◆ **YOUR INSTRUCTIONS**
In the entries that follow, find the line containing "Владимиру Балуху продлили" and the line containing "SAT, Ministerialprotokoller, klokkerbøker", then copy exactly everything from the first through the second except the pictures.

◆ **DATA SHOWN**
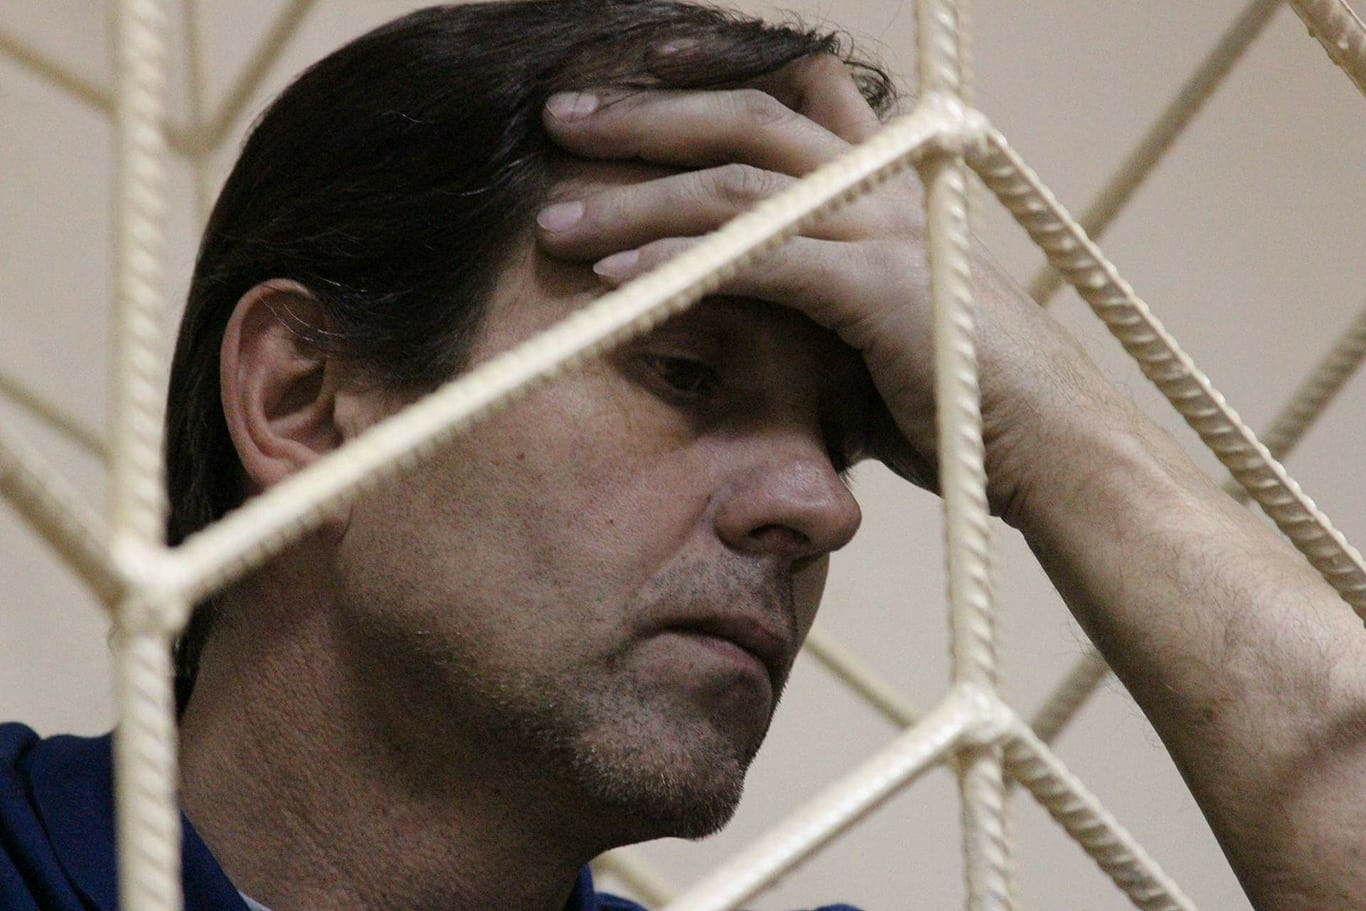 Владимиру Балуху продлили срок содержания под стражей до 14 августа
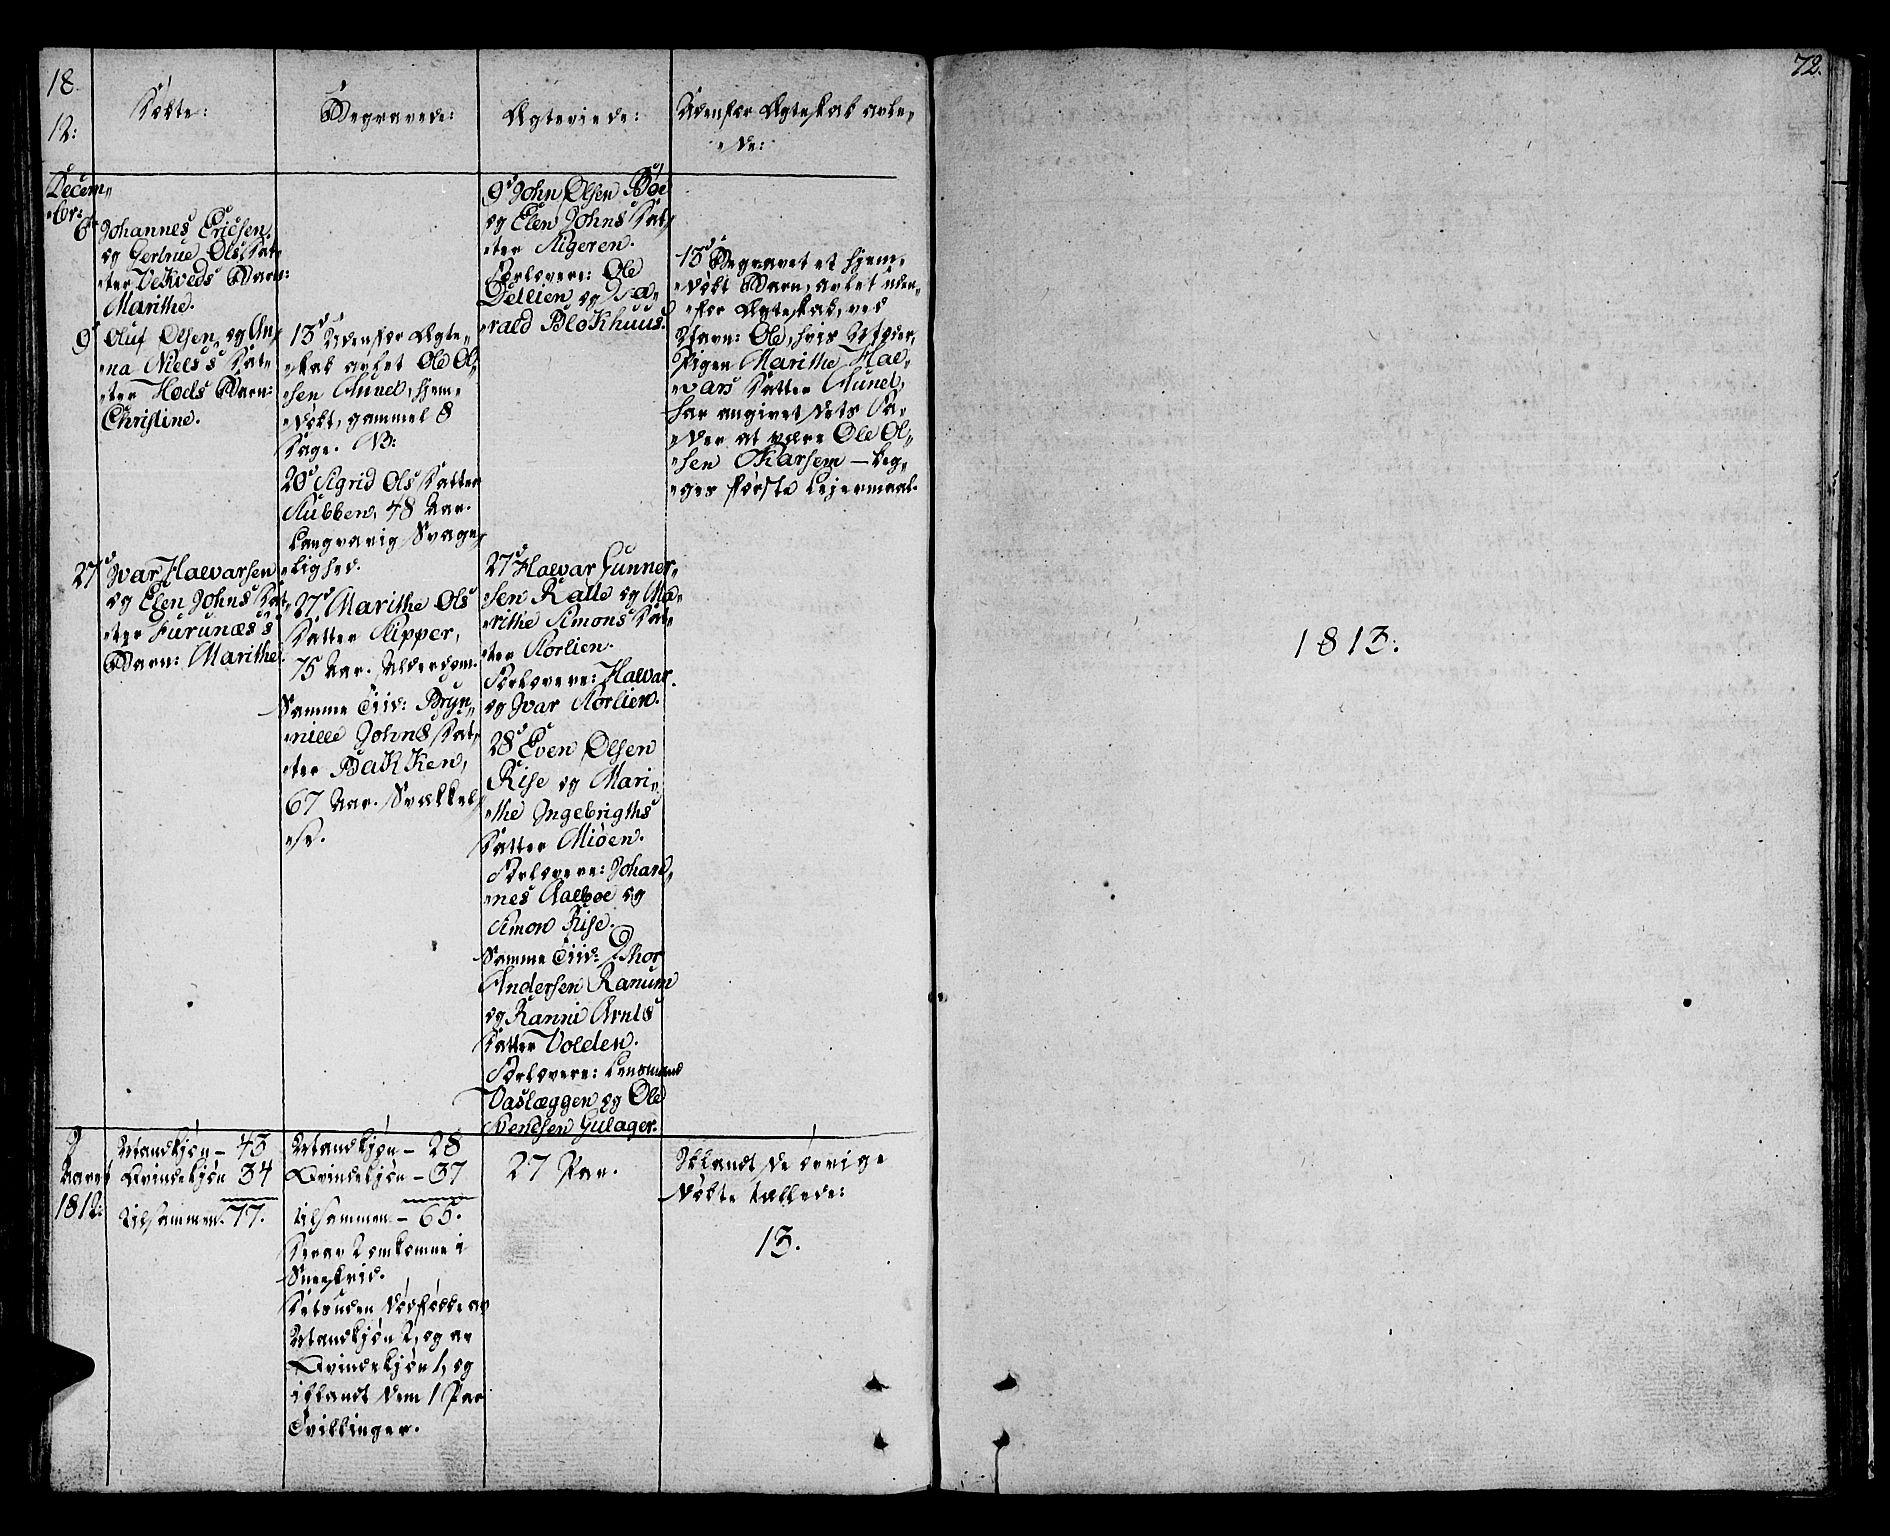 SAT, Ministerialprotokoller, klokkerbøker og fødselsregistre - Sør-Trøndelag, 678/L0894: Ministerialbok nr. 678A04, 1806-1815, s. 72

--

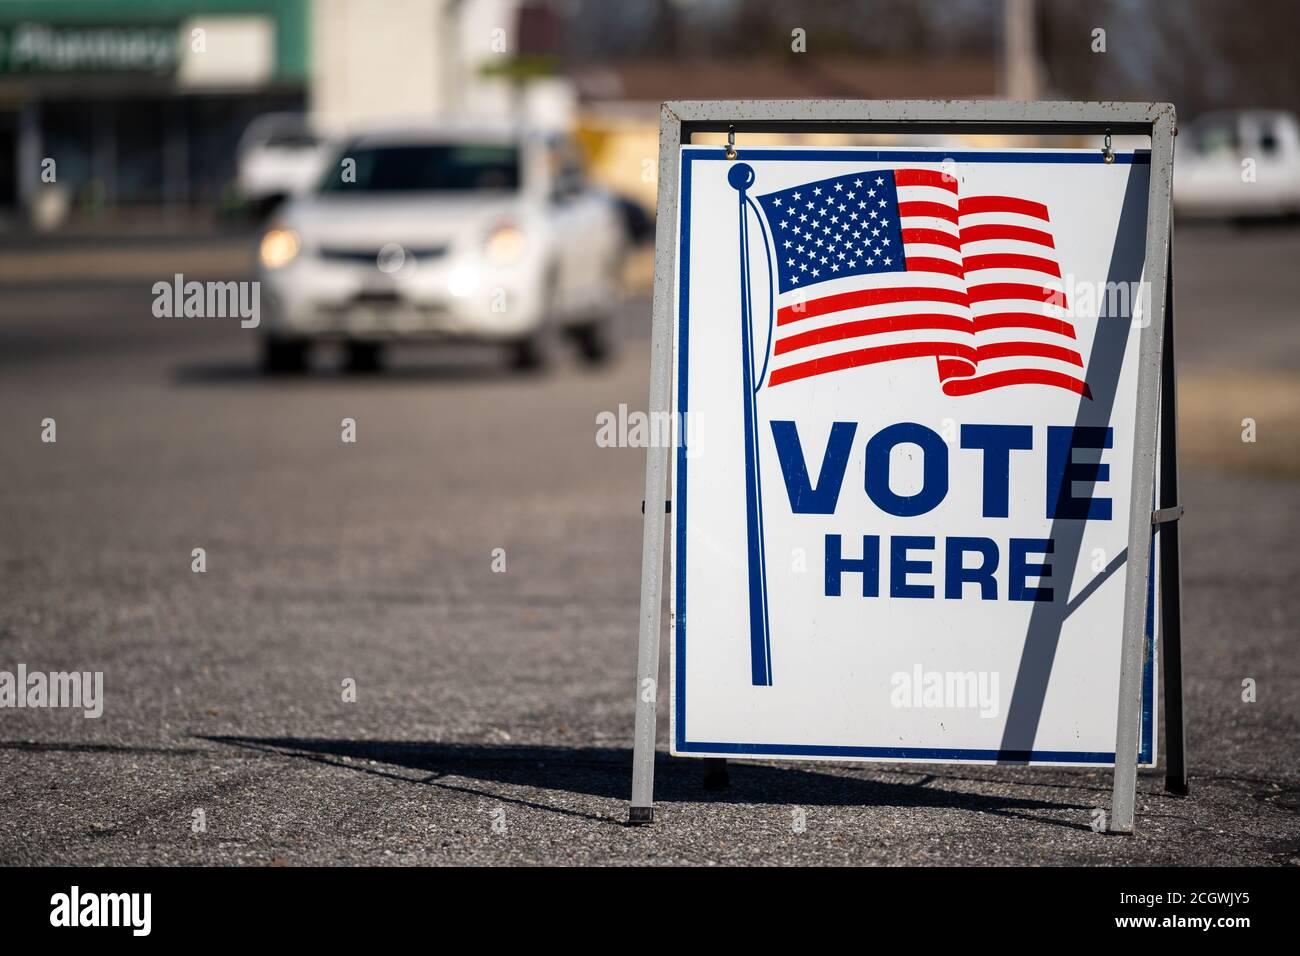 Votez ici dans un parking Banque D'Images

◆ **WRITTEN SOLUTION**
 Владимиру Балуху продлили срок содержания под стражей до 14 августа
 SAT, Ministerialprotokoller, klokkerbøker og fødselsregistre - Sør-Trøndelag, 678/L0894: Ministerialbok nr. 678A04, 1806-1815, s. 72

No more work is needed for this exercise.